International Chemical Identifier


The or is a textual identifier for chemical substances, intentional to provide a indications way to encode molecular information as well as to facilitate a search for such(a) information in databases and on the web. Initially developed by IUPAC International Union of Pure and Applied Chemistry and NIST National Institute of Standards and technology from 2000 to 2005, the outline and algorithms are non-proprietary.

The identifiers describe chemical substances in terms of layers of information — the atoms and their bond connectivity, tautomeric information, isotope information, stereochemistry, and electronic charge information.

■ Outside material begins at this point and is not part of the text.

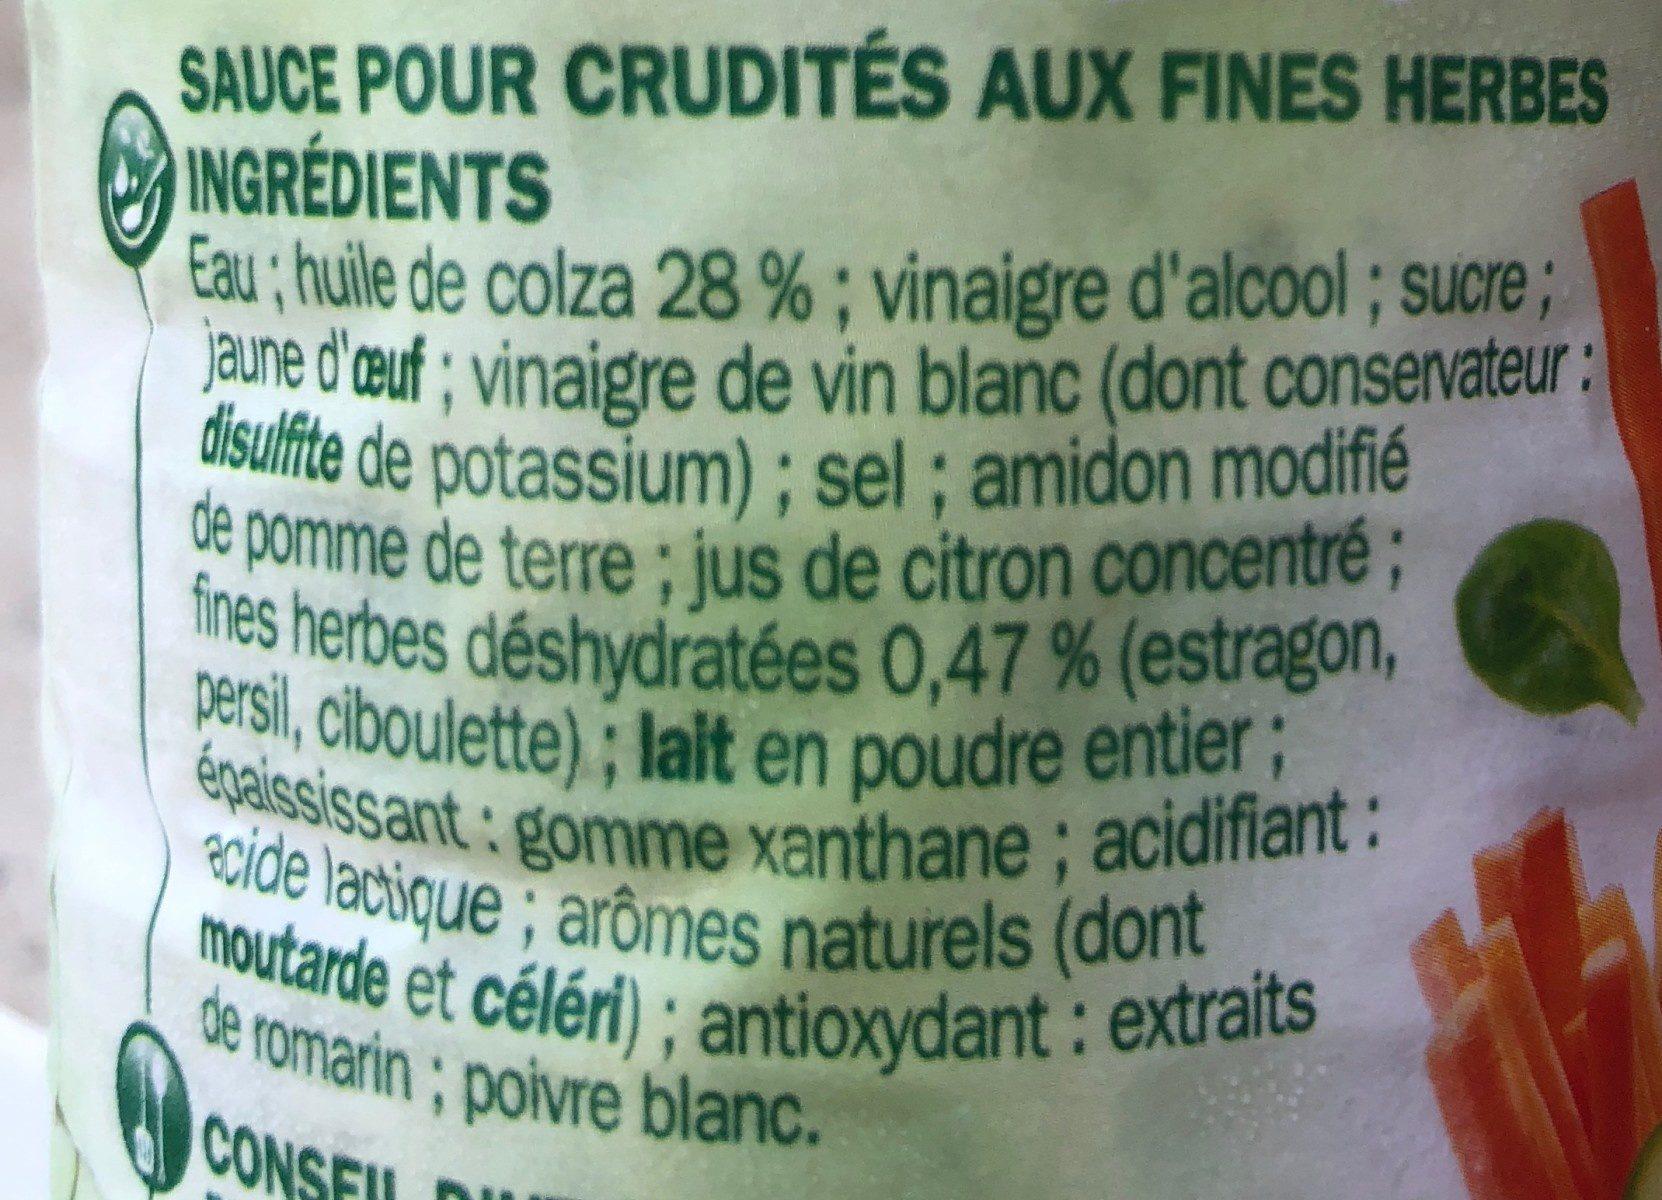 Sauce crudité fines herbes - Ingrediënten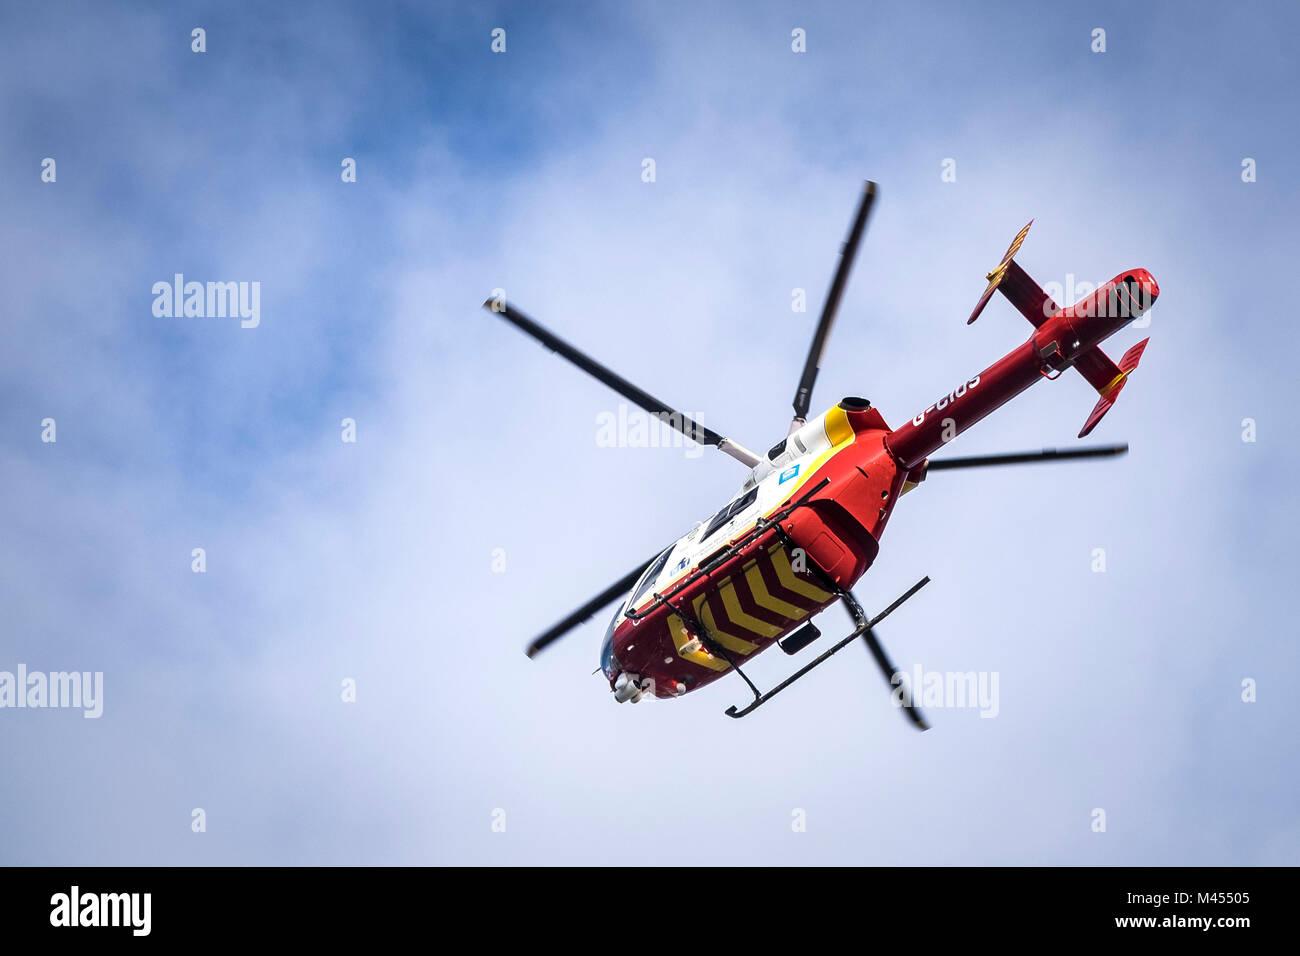 Die Cornwall Air Ambulance helicopter McDonnell Douglas MD 902 Explorer flying Overhead. Stockbild

Not all layers throw to be provided; for instance, the tautomer layer can be omitted whether that type of information is not relevant to the specific application. The InChI algorithm converts input structural information into a unique InChI identifier in a three-step process: normalization to remove redundant information, canonicalization to generate a unique number denomination for regarded and allocated separately. atom, and serialization to administer a string of characters.

InChIs differ from the widely used CAS registry numbers in three respects: firstly, they are freely available and non-proprietary; secondly, they can be computed from structural information and produce not have to be assigned by some organization; and thirdly, nearly of the information in an InChI is human readable with practice. InChIs can thus be seen as akin to a general and extremely formalized representation of IUPAC names. They can express more information than the simpler SMILES notation and differ in that every layout has a unique InChI string, which is important in database applications. Information about the 3-dimensional coordinates of atoms is non represented in InChI; for this goal a format such(a) as PDB can be used.

The InChIKey, sometimes intended to as a hashed InChI, is a constant length 27 constituent of mention condensed digital report of the InChI that is not human-understandable. The InChIKey specification was released in September 2007 in order to facilitate web searches for chemical compounds, since these were problematic with the full-length InChI. Unlike the InChI, the InChIKey is not unique: though collisions can be calculated to be very rare, they happen.

In January 2009 the 1.02 version of the InChI software was released. This offered a means to generate so called standard InChI, which does not allow for user selectable options in dealing with the stereochemistry and tautomeric layers of the InChI string. The standard InChIKey is then the hashed version of the standard InChI string. The standard InChI will simplify comparison of InChI strings and keys generated by different groups, and subsequently accessed via diverse a body or process by which power or a particular component enters a system. such(a) as databases and web resources.

The continuing developing of the standard has been supported since 2010 by the not-for-profit InChI Trust, of which IUPAC is a member. The current software version is 1.06 and was released in December 2020. Prior to 1.04, the software was freely available under the open-source LGPL license, but it now uses a custom license called IUPAC-InChI Trust License.

Adoption


The InChI has been adopted by numerous larger and smaller databases, including ChemSpider, ChEMBL, Golm Metabolome Database, OpenPHACTS, and PubChem. However, the adoption is not straightforward, and numerous databases show a discrepancy between the chemical tables and the InChI they contain, which is a problem for linking databases.